Data_Sheet_1_Heat Emitting Damage in Skin: A Thermal Pathway for Mechanical Algesia.ZIP

Mechanical pain (or mechanical algesia) can both be a vital mechanism warning us for dangers or an undesired medical symptom important to mitigate. Thus, a comprehensive understanding of the different mechanisms responsible for this type of pain is paramount. In this work, we study the tearing of porcine skin in front of an infrared camera, and show that mechanical injuries in biological tissues can generate enough heat to stimulate the neural network. In particular, we report local temperature elevations of up to 24°C around fast cutaneous ruptures, which shall exceed the threshold of the neural nociceptors usually involved in thermal pain. Slower fractures exhibit lower temperature elevations, and we characterise such dependency to the damaging rate. Overall, we bring experimental evidence of a novel—thermal—pathway for direct mechanical algesia. In addition, the implications of this pathway are discussed for mechanical hyperalgesia, in which a role of the cutaneous thermal sensors has priorly been suspected. We also show that thermal dissipation shall actually account for a significant portion of the total skin's fracture energy, making temperature monitoring an efficient way to detect biological damages.

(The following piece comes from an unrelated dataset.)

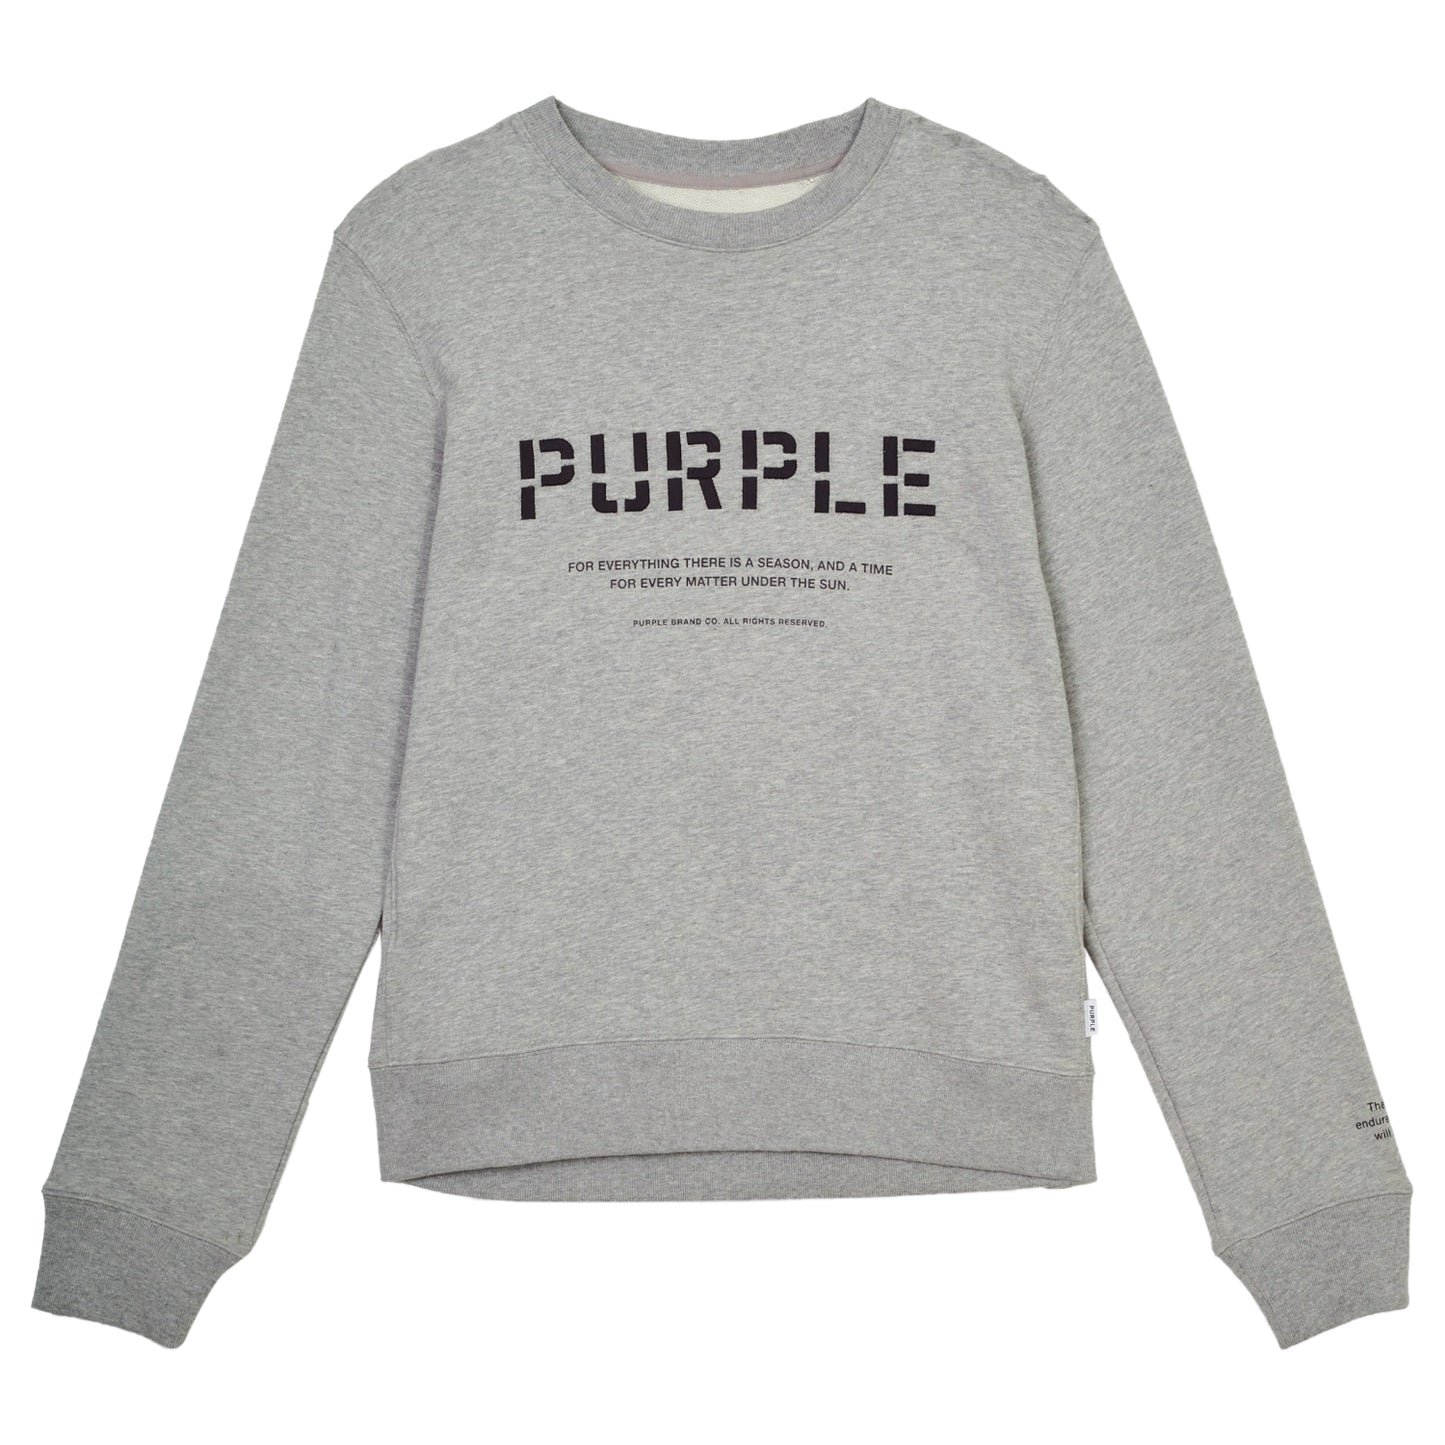 Purple-brand French Terry Embroidered Stencil Logo Crew Mens Style : P409-fhes222

机械性疼痛（Mechanical pain，或称机械性痛觉（mechanical algesia））既是预警危险的关键生理机制，也是亟需加以缓解的不良医学症状。因此，全面解析这类疼痛的不同致病机制至关重要。本研究针对红外摄像机拍摄下的猪皮肤撕裂过程展开实验分析，证实生物组织的机械损伤可产生足以激活神经网络的热量。具体而言，我们观测到快速皮肤破裂部位周围的局部温度可升高至多24°C，该温度超出了通常参与热痛感知的神经伤害性感受器（neural nociceptors）阈值。较慢的组织断裂则伴随更低的温度升高，我们还对这一随损伤速率变化的特性进行了系统表征。总体而言，本研究通过实验证实了一条全新的热传导直接机械性痛觉通路。此外，我们还讨论了该通路在机械性痛觉超敏（mechanical hyperalgesia）中的潜在意义——此前学界曾推测皮肤热传感器在该病理过程中发挥作用。我们同时证实，热耗散实际上可占皮肤断裂总能量的相当一部分，这使得温度监测成为检测生物组织损伤的高效手段。